*What the task asks*:
Entries follow. Give back exactly the lines starting at the one containing "Evidenţiaţi-vă locuinţa prin lumină" and ending at the one containing "fluessigkeitstransporte-muenchen-header-3_84001985", and no other lines.

*Exercise material*:
--------------------------------
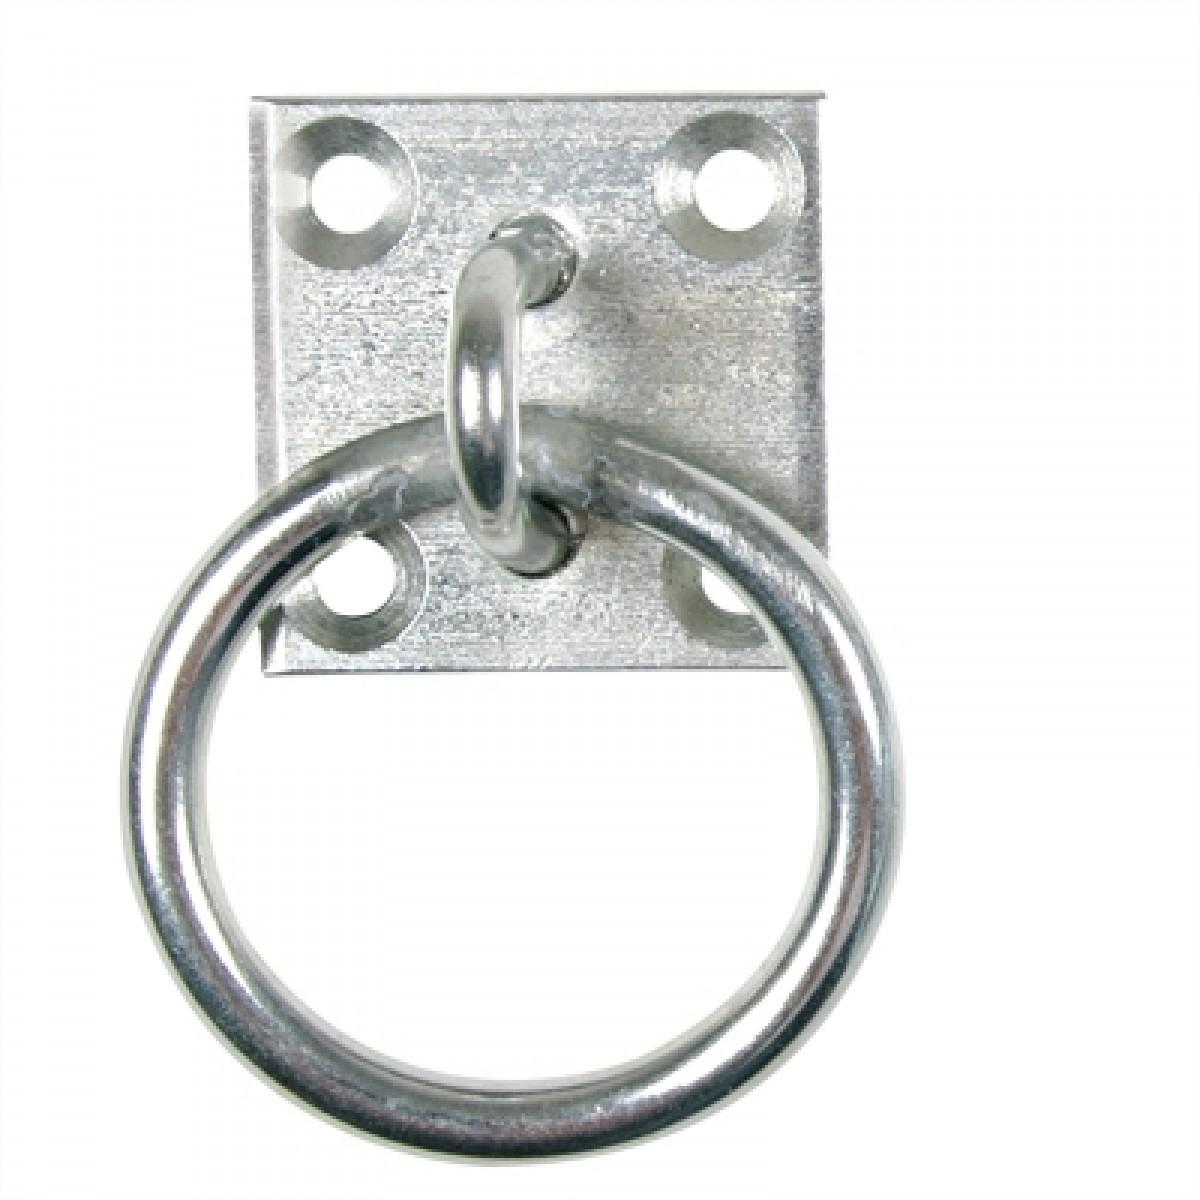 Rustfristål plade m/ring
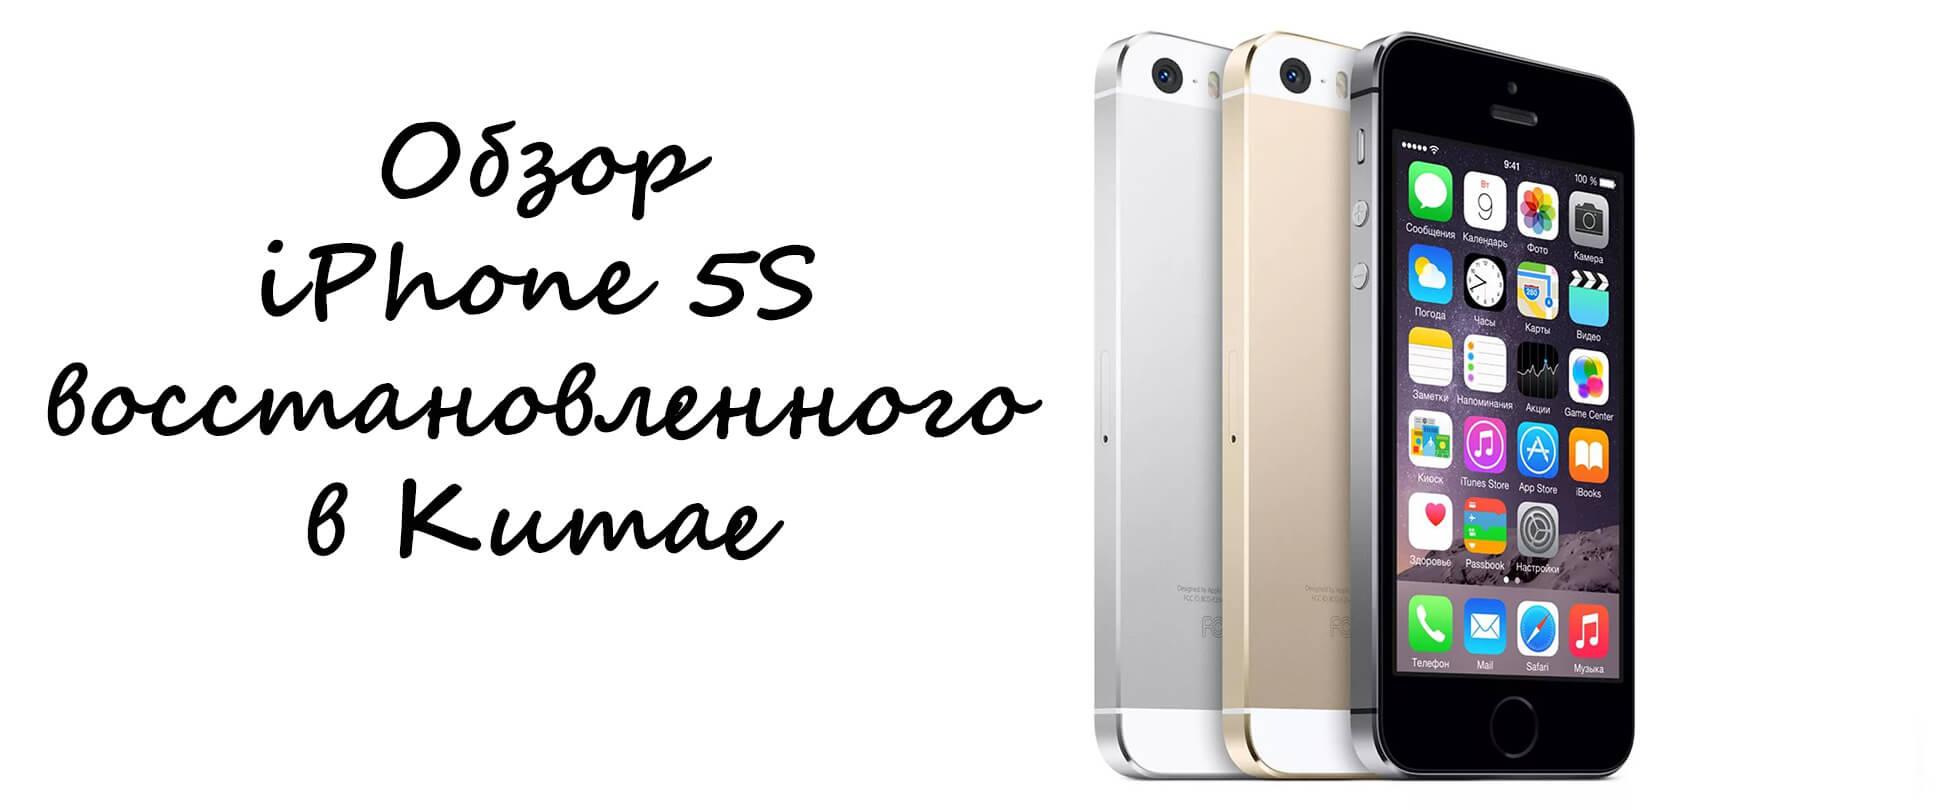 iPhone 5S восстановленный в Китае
--------------------------------
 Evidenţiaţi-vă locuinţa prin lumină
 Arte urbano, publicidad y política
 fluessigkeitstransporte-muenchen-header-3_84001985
--------------------------------
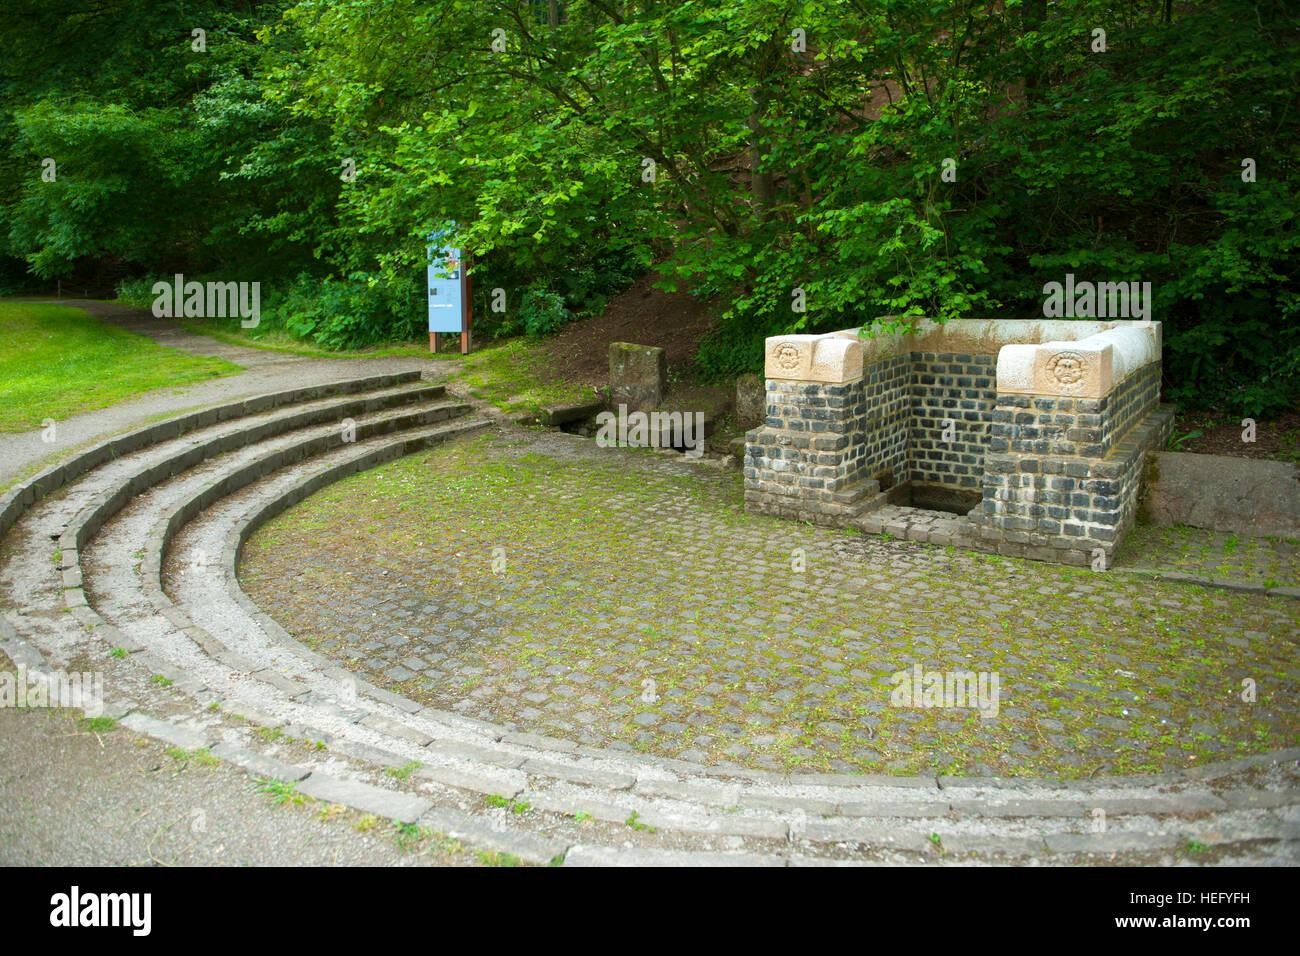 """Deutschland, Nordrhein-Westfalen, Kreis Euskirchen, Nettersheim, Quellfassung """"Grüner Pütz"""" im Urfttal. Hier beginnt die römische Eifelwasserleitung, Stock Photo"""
--------------------------------
*Answer for this exercise*:
 Evidenţiaţi-vă locuinţa prin lumină
 Arte urbano, publicidad y política
 fluessigkeitstransporte-muenchen-header-3_84001985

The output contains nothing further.